The Battle of Los Angeles – February 1942

On the 24th February 1942 the Battle of Los Angeles broke out. Barely two months after the USA entered World War Two, coastal defences along the Pacific Coast feared an attack by Japan. The disastrous losses suffered at Pearl harbour on December 7th 1941 had left people living and working in fear.

Battle of Los Angeles Anti Aircraft Barrage
LA Times., Public domain, via Wikimedia Commons

So it wasn’t really too much of a surprise that when the coastal defences thought that an attack formation was approaching the Pacific Coast of mainland USA, they opened up with everything they had.

The spotlight crews of the anti-aircraft battery stations had managed to pinpoint a target above them and within seconds the guns started pounding away it. All in all, around 1500 shells were fired trying to bring the target down, but they seemed to have little effect.

In fact, the only casualties were on the ground; five in total, three killed in road traffic accidents and two died as a result of heart attacks.

What was it?

What aircraft could withstand such a bombardment? Certainly nothing available to the Imperial Japanese Forces of the day.

In 1983, the United States Office of Air Force History appeared to attribute the trigger for the initial response to be meteorological balloons in their report “The Army Air Forces in World War II“.

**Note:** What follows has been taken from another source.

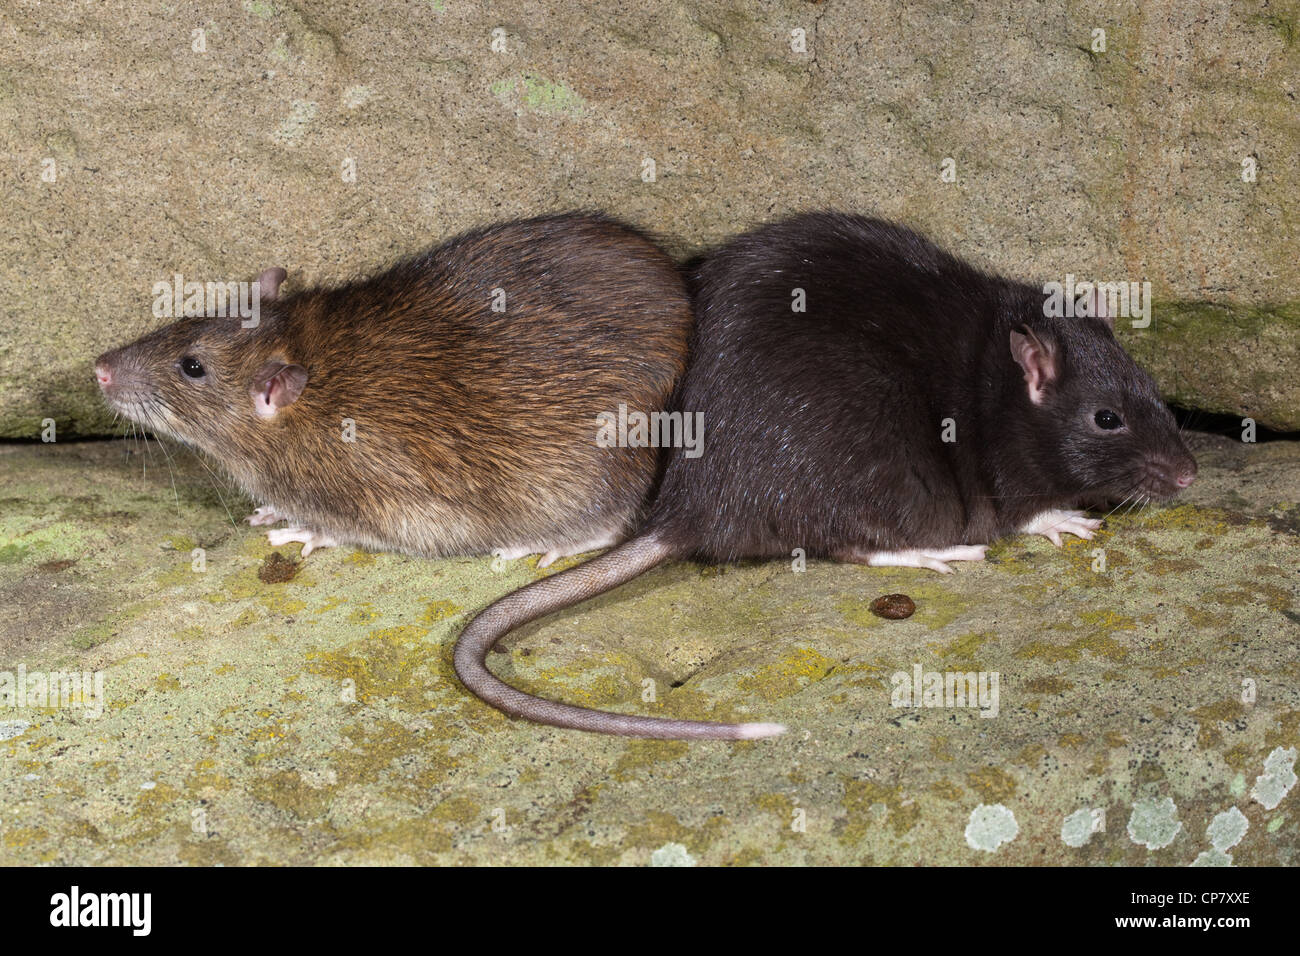 Le rat brun (Rattus norvegicus). 'Noir' ou melanisic forme droite, aux côtés d'un animal de couleur "normale", à gauche. Banque D'Images
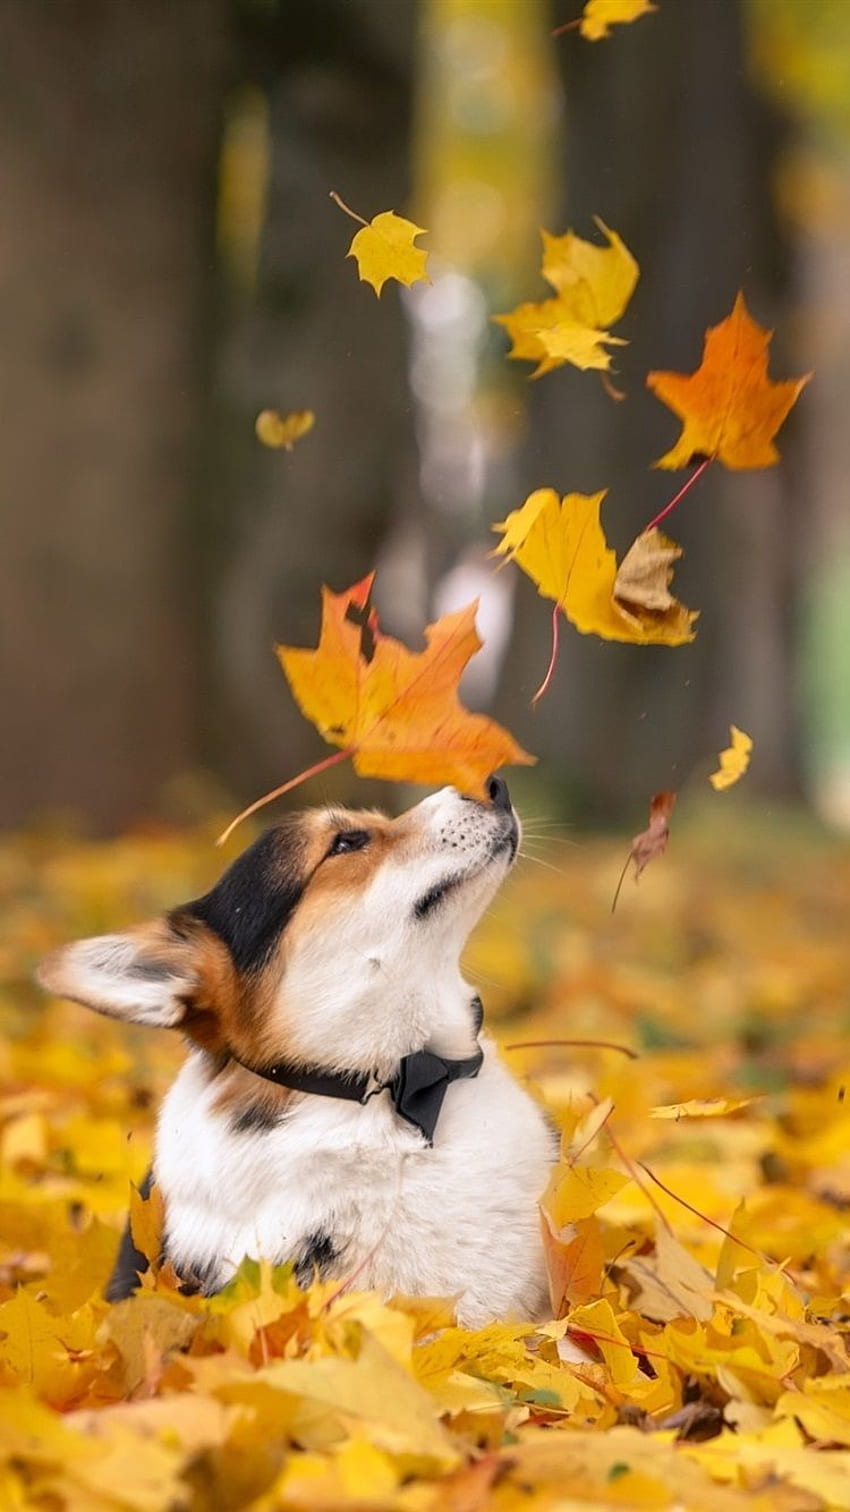 Chó corgi mùa thu trên chiếc iPhone 8 của bạn sẽ làm cho bạn cảm thấy thật gần gũi với thiên nhiên. Bức ảnh đẹp và đáng yêu này sẽ đưa bạn vào thế giới của những chiếc lá xanh buồn trong mùa thu, cùng với cảm giác ấm áp của chú chó corgi đáng yêu.

At 0306 a balloon carrying a red flare was seen over Santa Monica and four batteries of antiaircraft artillery opened fire, whereupon “the air over Los Angeles erupted like a volcano.”

US Office of Air Force History

However, is that conclusion really credible? If such a huge barrage over Los Angeles was to take place, wouldn’t the observers, the trained observers be able to distinguish between a weather balloon and an aircraft caught in the beams of multiple, powerful spotlights? Where was the debris? Why were no explosions in the sky seen? After all, a red hot shell penetrating the skin of a balloon and coming into contact with the hydrogen gas inside would create a fireball. We only have to look at the footage of the Hindenburg disaster to realise that.

So what was it? Was it a manmade craft that remains secret to this day? Or perhaps its origins truly were out of this world. We may never know.